Choking/Heimlich Manuever

You should only use the Heimlich Maneuver if a person is choking and his or her life is endangered by a windpipe obstruction. Choking is signaled by an inability to speak, cough or breathe, and may result in a loss of consciousness and death. Avoid using excessive force in employing the Heimlich Maneuver to avoid injury to the ribs or internal organs. Given the potentially life-or-death nature of the situation, use your best judgment.
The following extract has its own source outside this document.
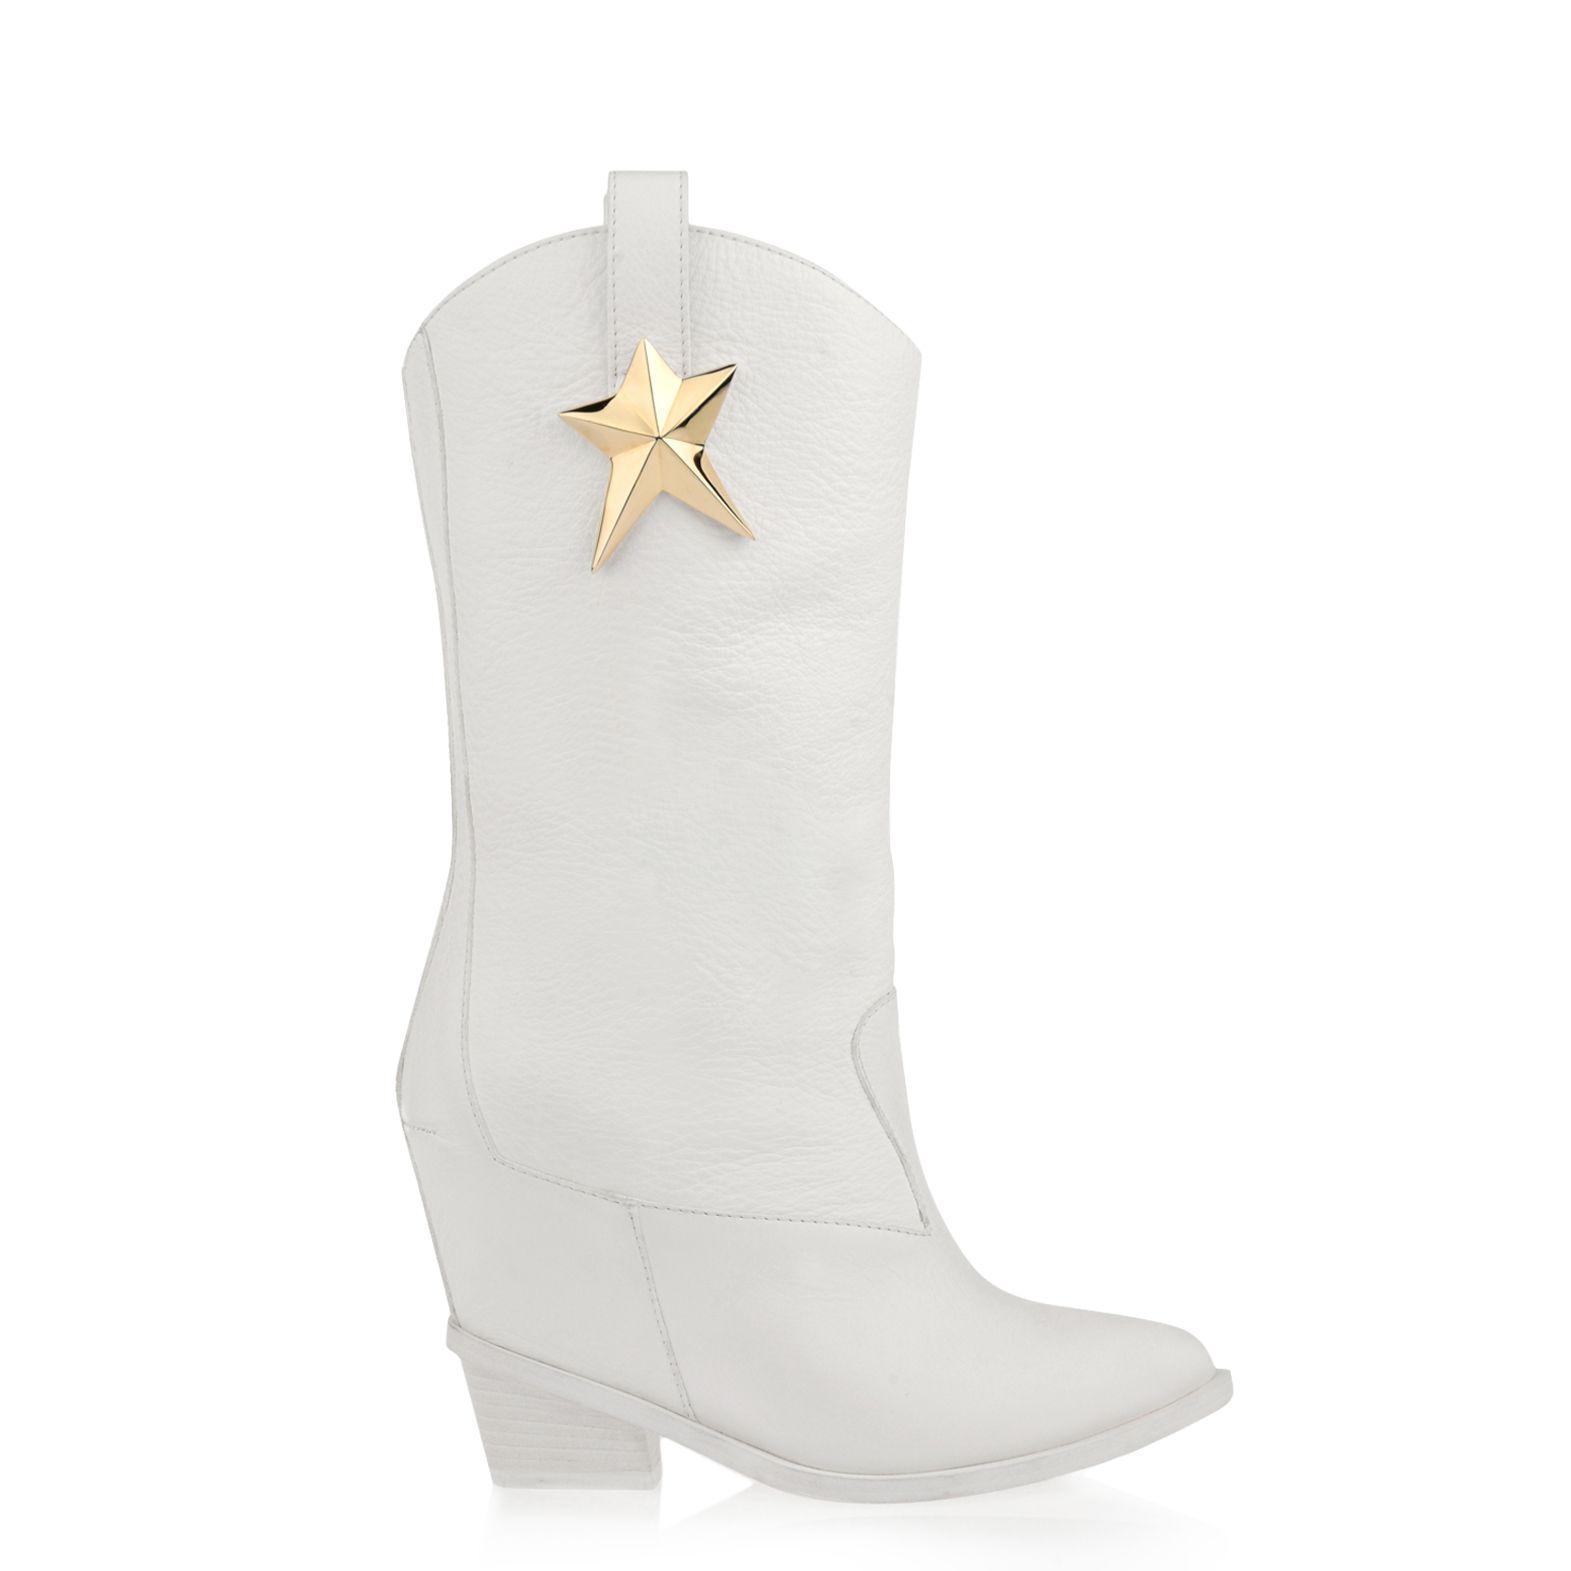 Zanotti-booties-white-star-3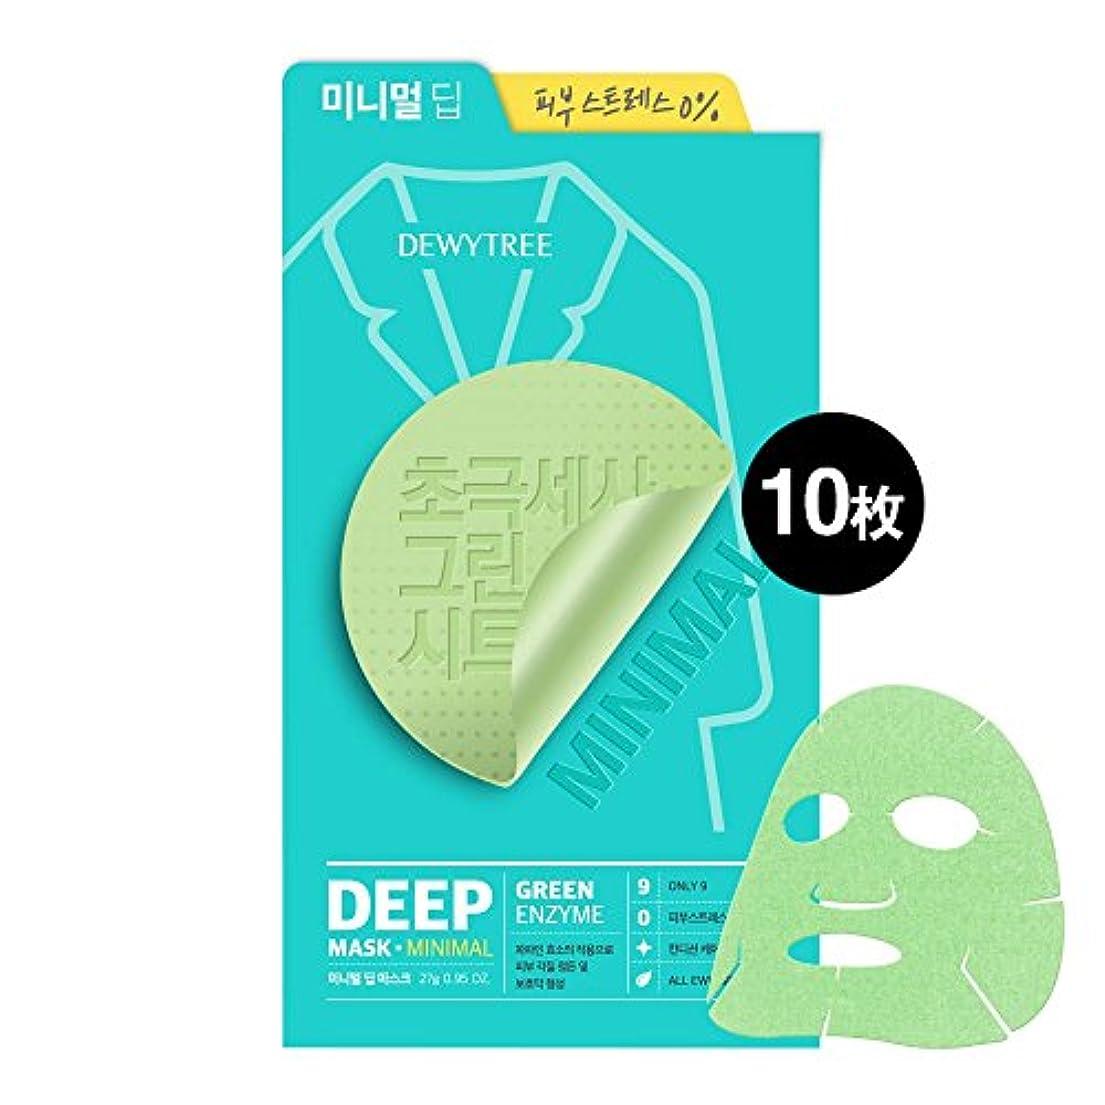 選出する寄付委任する(デューイトゥリー) DEWYTREE ミニマルディープマスク 10枚 Minimal Deep Mask 韓国マスクパック (並行輸入品)

In the event of an adult choking, the American Heart Association and ACEP offer the below guidelines. In the even of a child chocking, see this page.

Conscious Adult

• In the event of choking, rescuers should take action if they see signs of severe airway obstructions (including poor air exchange and increased breathing difficulty, a silent cough, cyanosis or if the person is unable to speak or breathe).
• To differentiate between mild airway obstruction and severe airway obstruction, the rescuer should ask, “Are you choking?” If the victim nods yes, assistance is needed. Choking also often is indicated by the Universal Distress Signal (hands clutching the throat).
• If the person can speak, cough or breathe, do not interfere.
• If the person cannot speak, cough or breathe, give abdominal thrusts known as the Heimlich Maneuver.
• To employ the Heimlich Maneuver, reach around the person’s waist. Position one clenched fist above the navel and below the rib cage. Grasp your fist with your other hand. Pull the clenched fist sharply and directly backward and upward under the rib cage six to 10 times quickly.
• In case of obesity or late pregnancy, give chest thrusts.
• Continue uninterrupted until the obstruction is relieved or advanced life support is available. In either case, the person should be examined by a physician as soon as possible.

Unconscious Adult

• Position the person on his or her back, arms by side.
• Shout for help. Call 911 or the local emergency number.
• Perform a finger sweep to try to remove any foreign body from the mouth. Only remove an object you can see and easily extricate.
• Listen for breathing and watch for the chest to rise and fall. If the person is not breathing, perform rescue breathing. If unsuccessful, give six to 10 abdominal thrusts (the Heimlich Maneuver). To perform abdominal thrusts on an unconscious person, kneel over the person and place the heel of one hand on the person’s abdomen, slightly above the navel. Next, place your other hand on top of the first. Press into the abdomen with quick, upward thrusts.
• Repeat sequence: Perform finger sweep, attempt rescue breathing, perform abdominal thrusts, until successful.
• Continue uninterrupted until the obstruction is removed or advanced life support is available. When successful, have the person examined by a physician as soon as possible.
• After the obstruction is removed, begin CPR, if necessary.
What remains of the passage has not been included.